◆ Recorded data
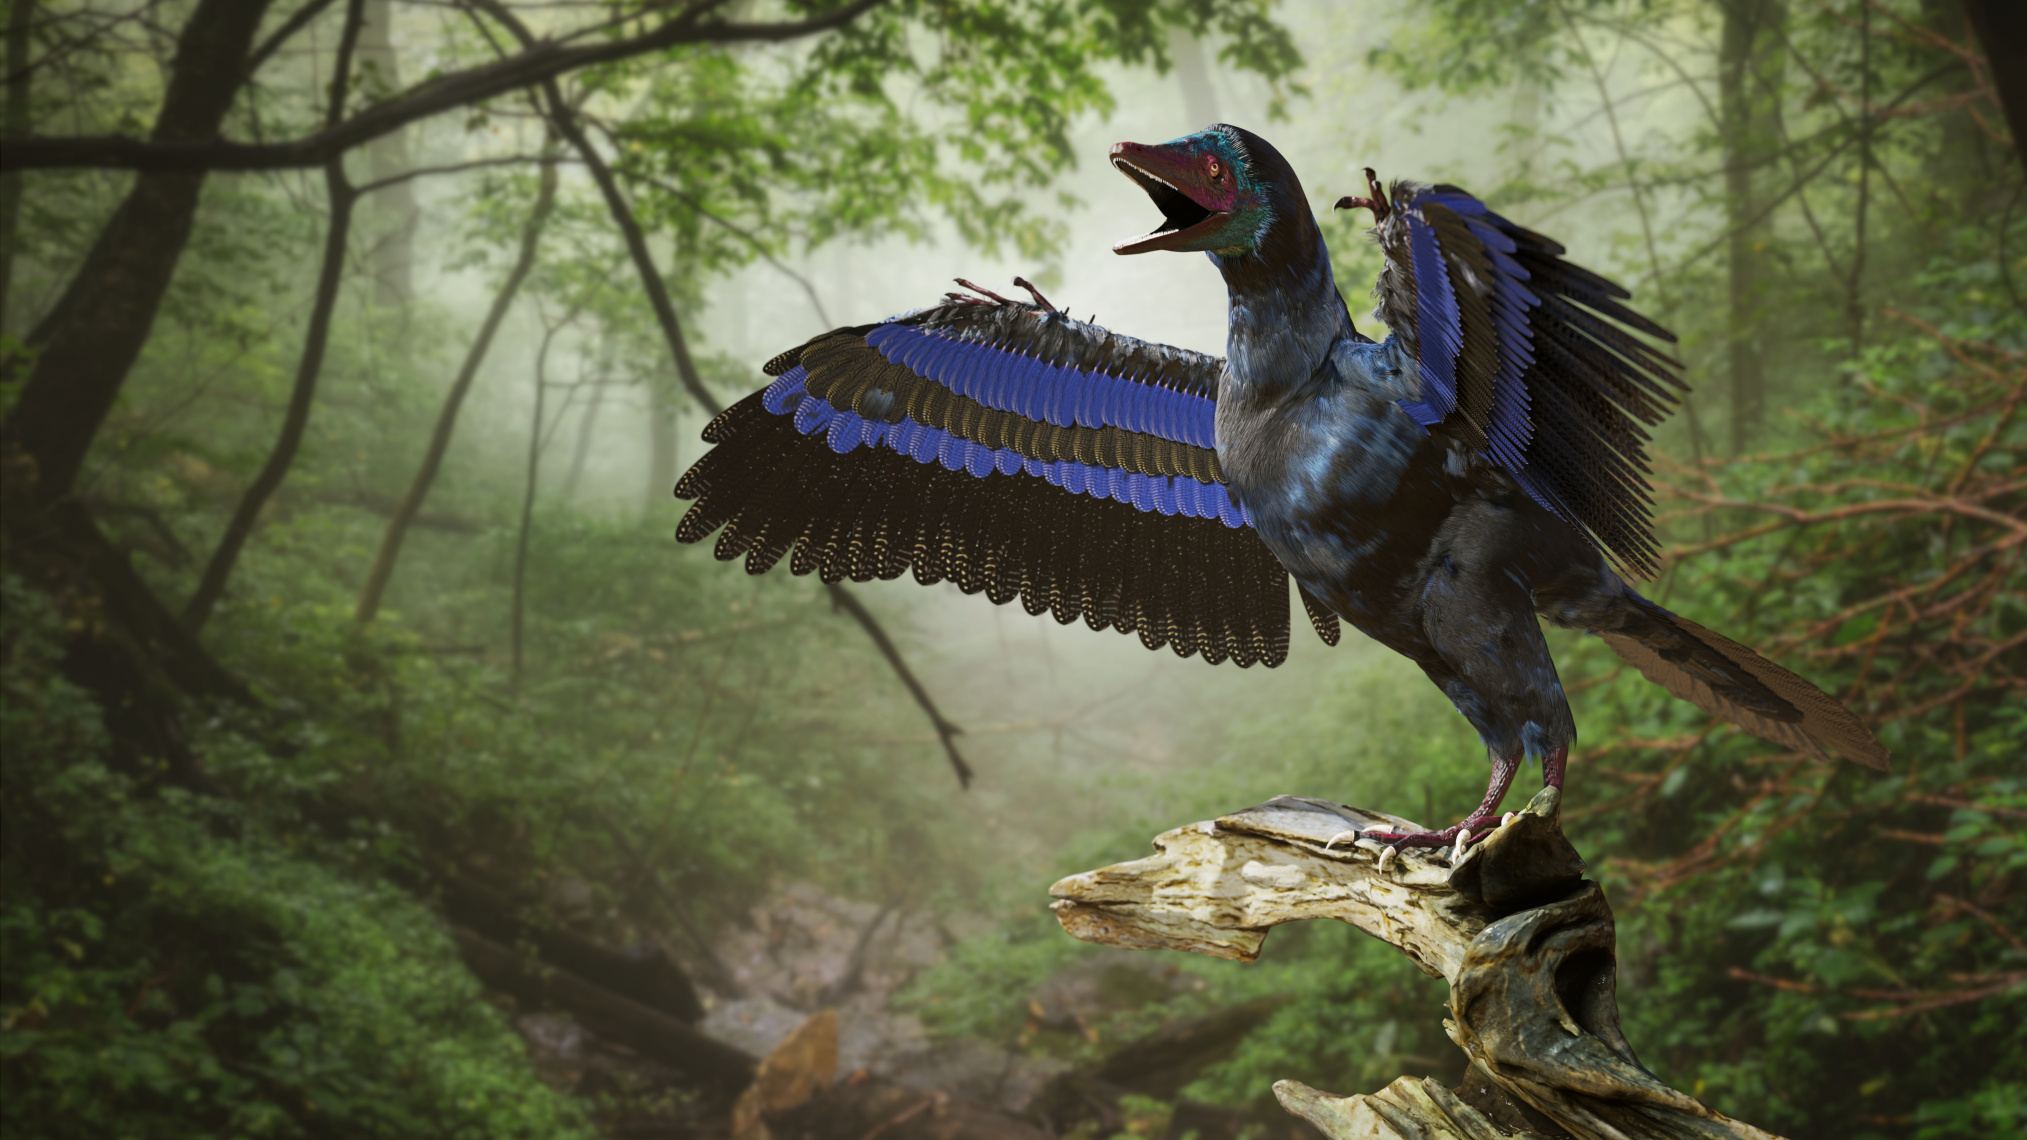 Αρχαιοπτέρυξ, δεινόσαυρος που μοιάζει με πτηνό από την Ύστερη Ιουρασική περίοδο πριν από περίπου 150 εκατομμύρια χρόνια (3d rendering)
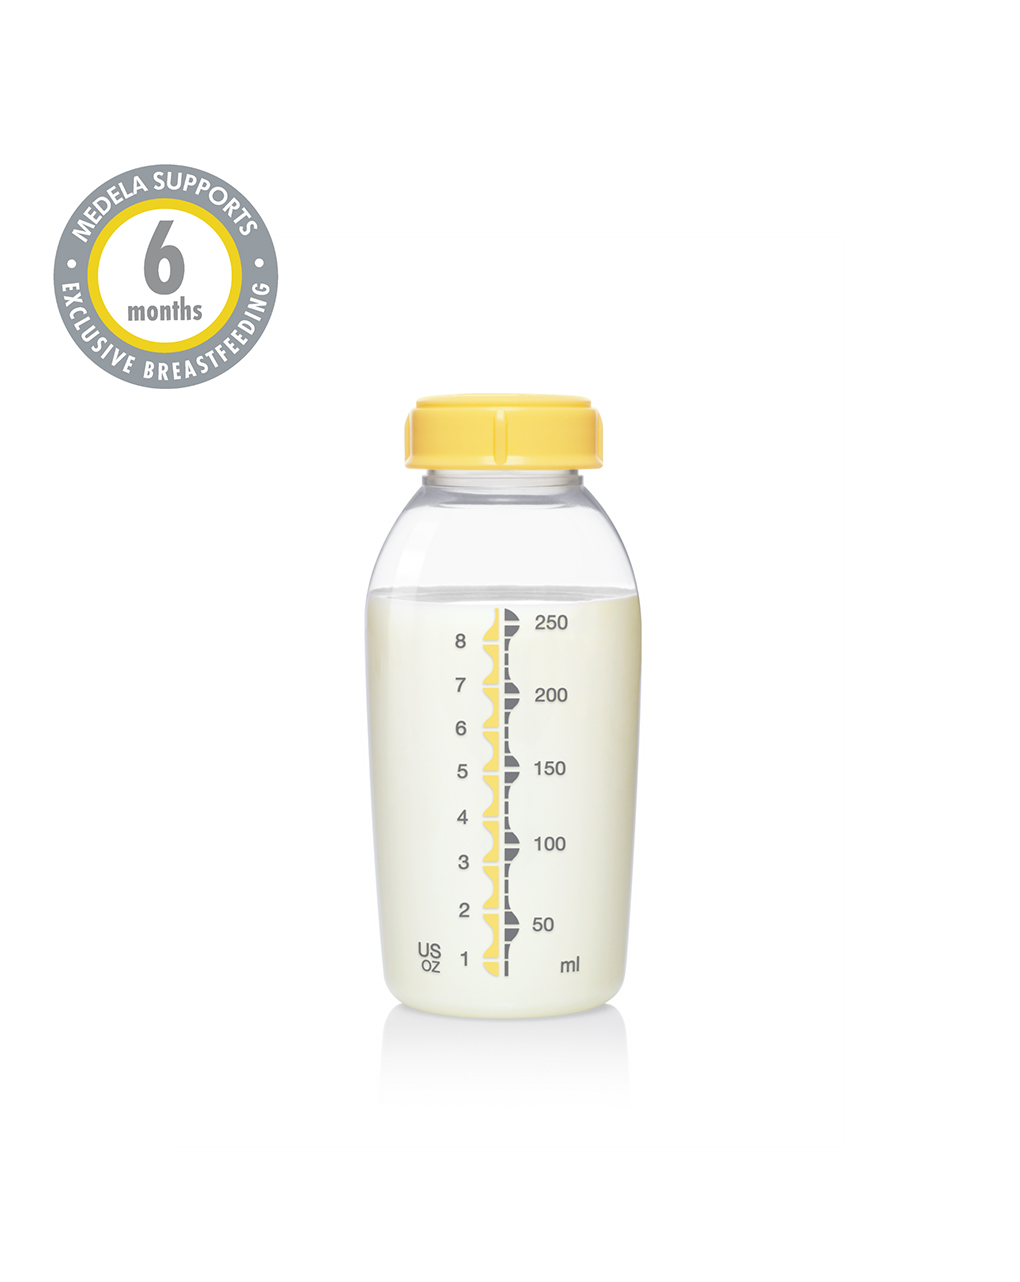 Medela breast milk bottles φιάλες μητρικού γάλακτος 150ml x 3 τμχ - Medela
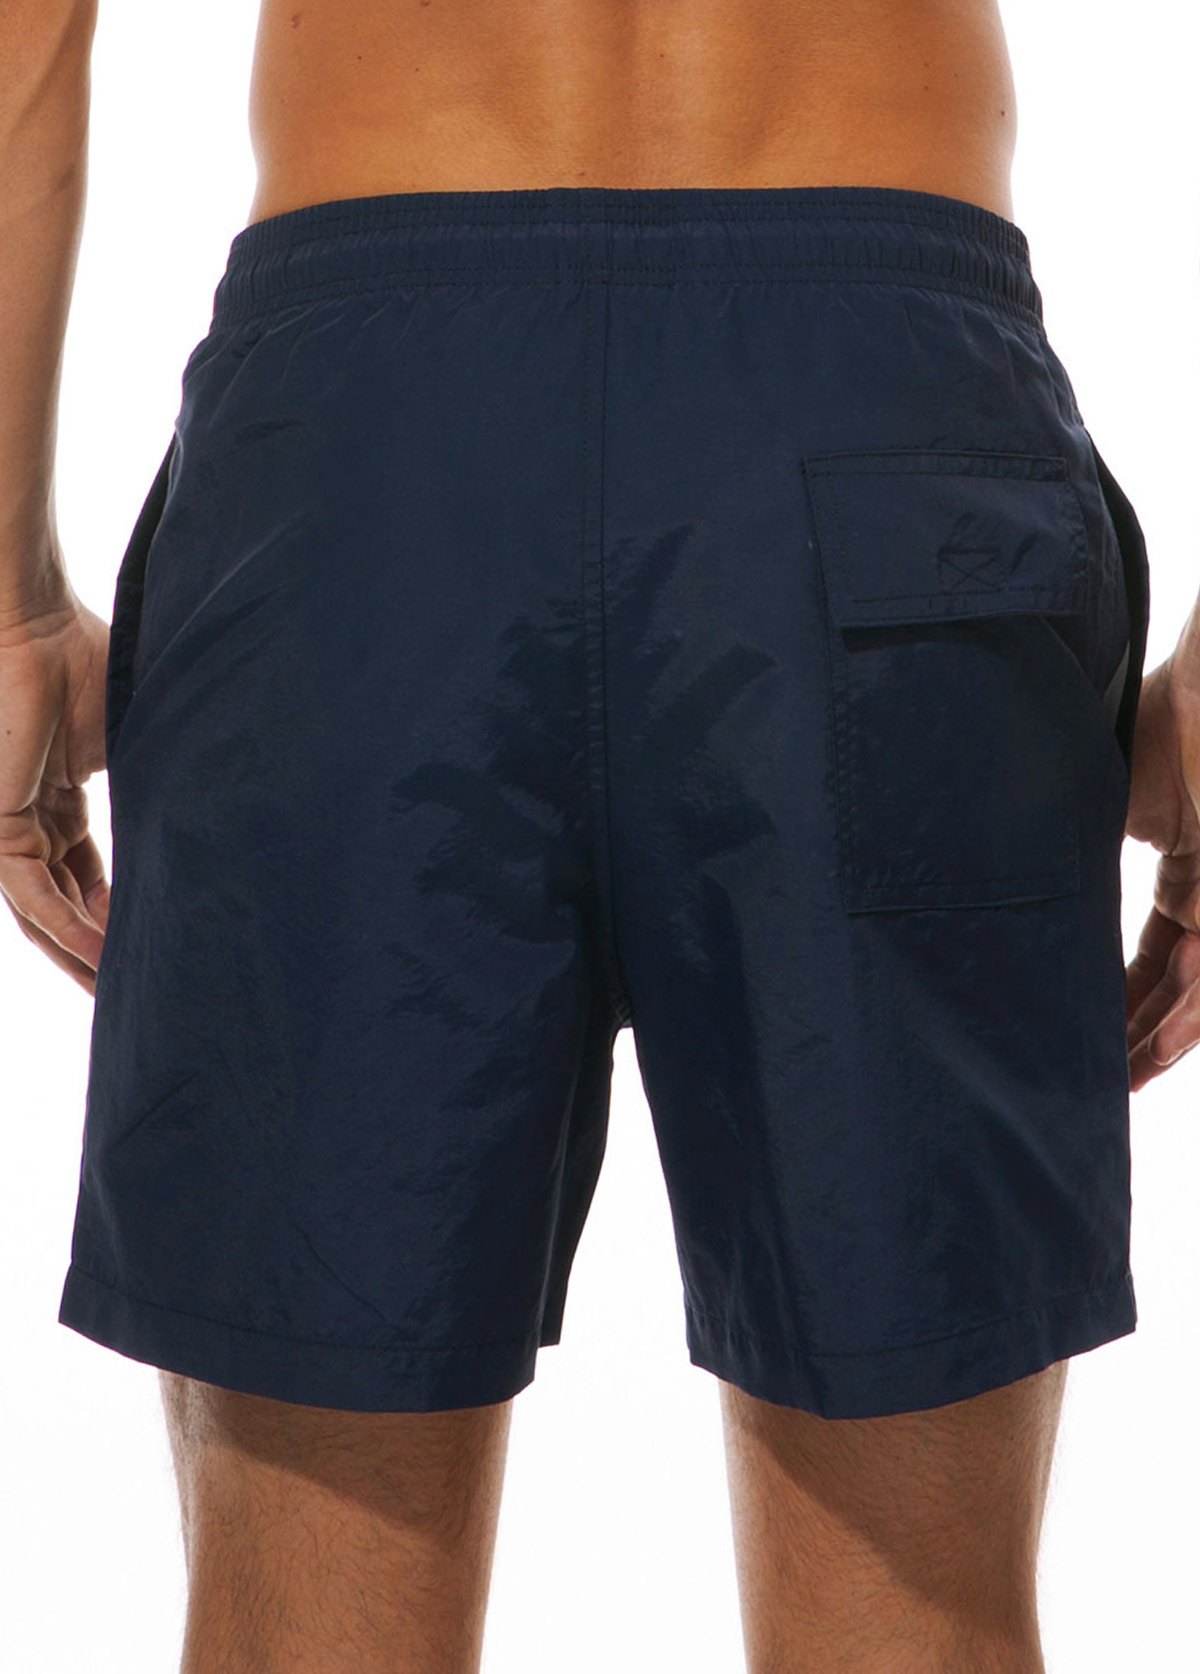 Navy Blue Breathable Mesh Waterproof Swim Trunks for Men
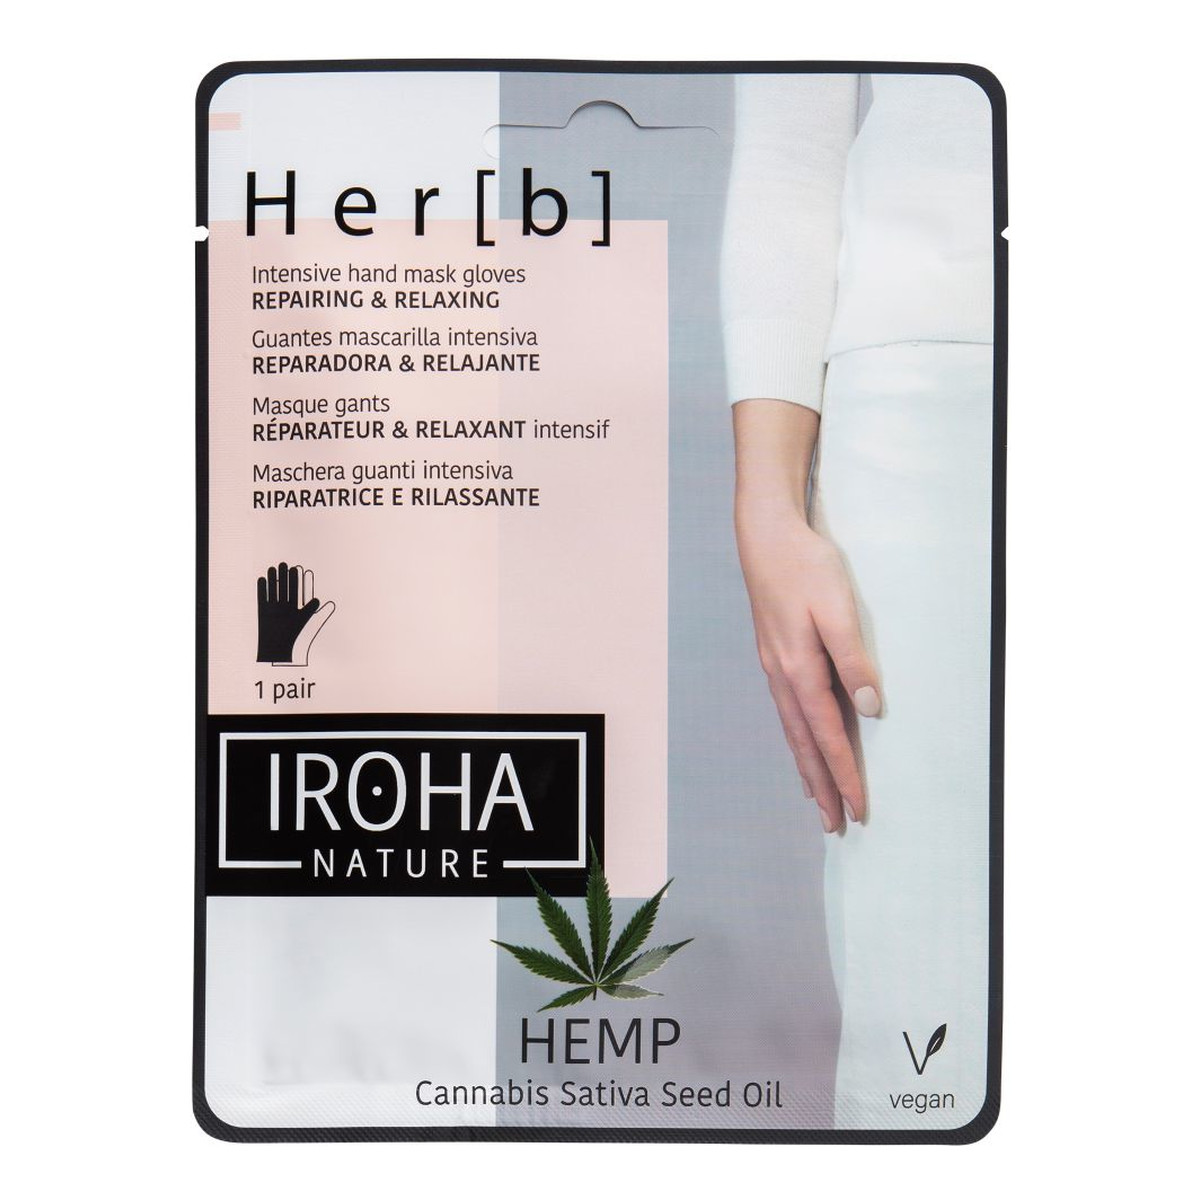 Iroha Nature Repairing & Relaxing Hand & Nail Mask naprawczo-relaksacyjna maseczka w płachcie do dłoni i paznokci Cannabis 2x8g 16

◆ Exercise brief
Apart from the pictures, every line of the data above should be given again exactly.

◆ Output below
 Αρχαιοπτέρυξ, δεινόσαυρος που μοιάζει με πτηνό από την Ύστερη Ιουρασική περίοδο πριν από περίπου 150 εκατομμύρια χρόνια (3d rendering)
 Medela breast milk bottles φιάλες μητρικού γάλακτος 150ml x 3 τμχ - Medela
 Navy Blue Breathable Mesh Waterproof Swim Trunks for Men
 Iroha Nature Repairing & Relaxing Hand & Nail Mask naprawczo-relaksacyjna maseczka w płachcie do dłoni i paznokci Cannabis 2x8g 16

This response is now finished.